Facebook pulls down Hydroxychloroquine video
Facebook has taken down a video posted by right-wing news site Breitbart and retweeted by President Trump, showing a doctor vehemently making false claims that antimalarial drug hydroxychloroquine is a “cure for Covid” that allegedly racked up 17 million views before being removed.
The video shows a group of people calling themselves “America’s Frontline Doctors”, standing on the steps of Capitol Hill, led by Stella Immanuel, a Houston-based doctor who labelled studies casting doubt on the effectiveness of the antimalarial drug as “fake science.”
Immanuel claimed that she is using the antimalarial drug because of a 2005 study, published by the National Institutes of Health, which claims Chloroquine, a more toxic version of hydroxychloroquine, can prevent the spread of coronavirus in cells.
She claimed that she put herself and her staff on hydroxychloroquine as a prophylaxis, and that she treated more than 300 patients and “none of them died.”
Yet last month, the NIH halted a clinical trial of the drug, saying that while a study showed that treatment caused no harm, the drug was “very unlikely to be beneficial to hospitalized patients with COVID-19.”

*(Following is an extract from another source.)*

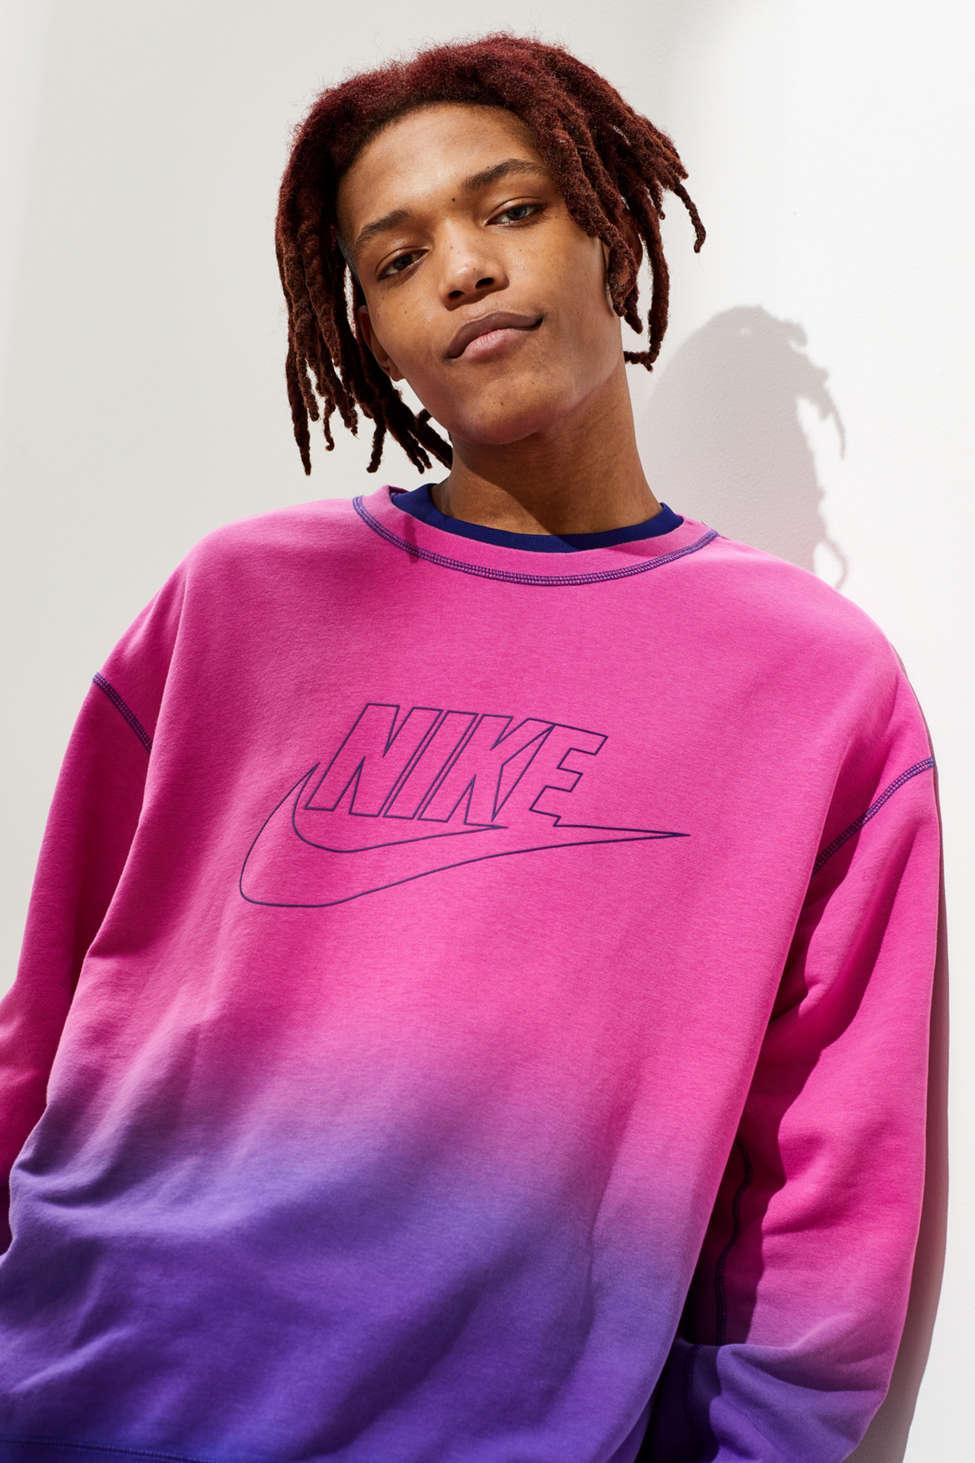 Urban Outfitters x Nike Nike Gradient Fleece Crew Neck Sweatshirt in Pink  for Men - Lyst
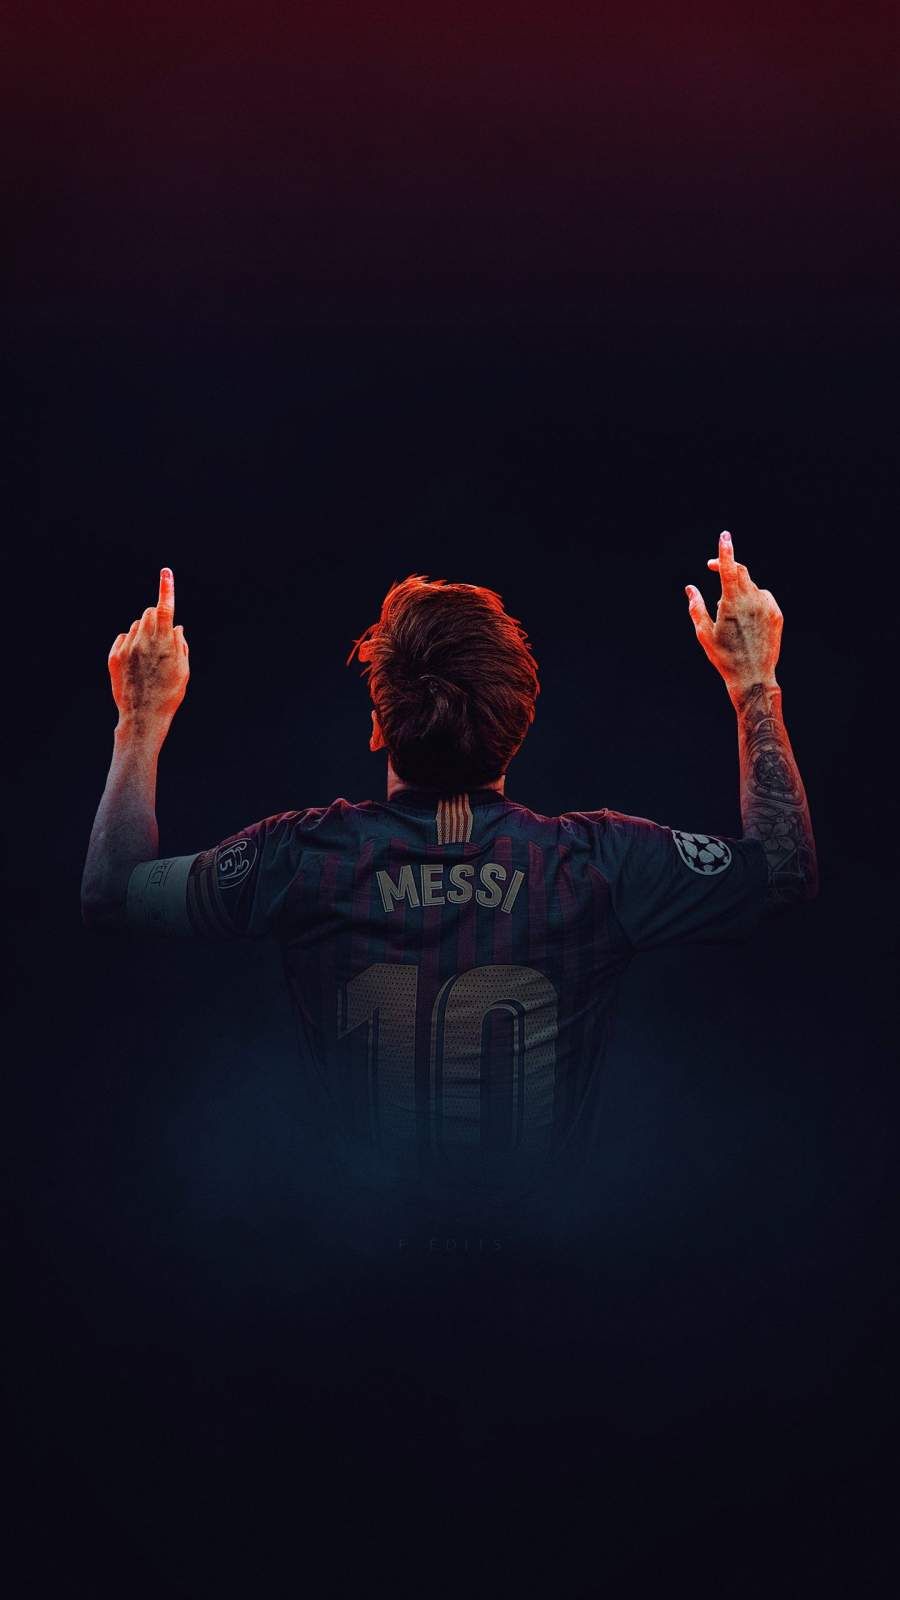  Messi Hintergrundbild 900x1600. Messi Goal IPhone Wallpaper Wallpaper : iPhone Wallpaper

The NIH also advises against using the drug as a treatment for coronavirus.
The video has since been removed from Facebook and YouTube, with Facebook’s policy communications director Andy Stone tweeting: “We removed it for sharing false information about cures and treatments for COVID-19.”
But versions of the video continued to circulate on Twitter as of Tuesday morning, with one version retweeted by Trump, according to a screenshot by the Daily Mail, before being deleted.
Trump revealed in May that he was taking a two-week dose of hydroxychloroquine prophylactically.
Forbes has contacted the America’s Frontline Doctors group and Breitbart for comment.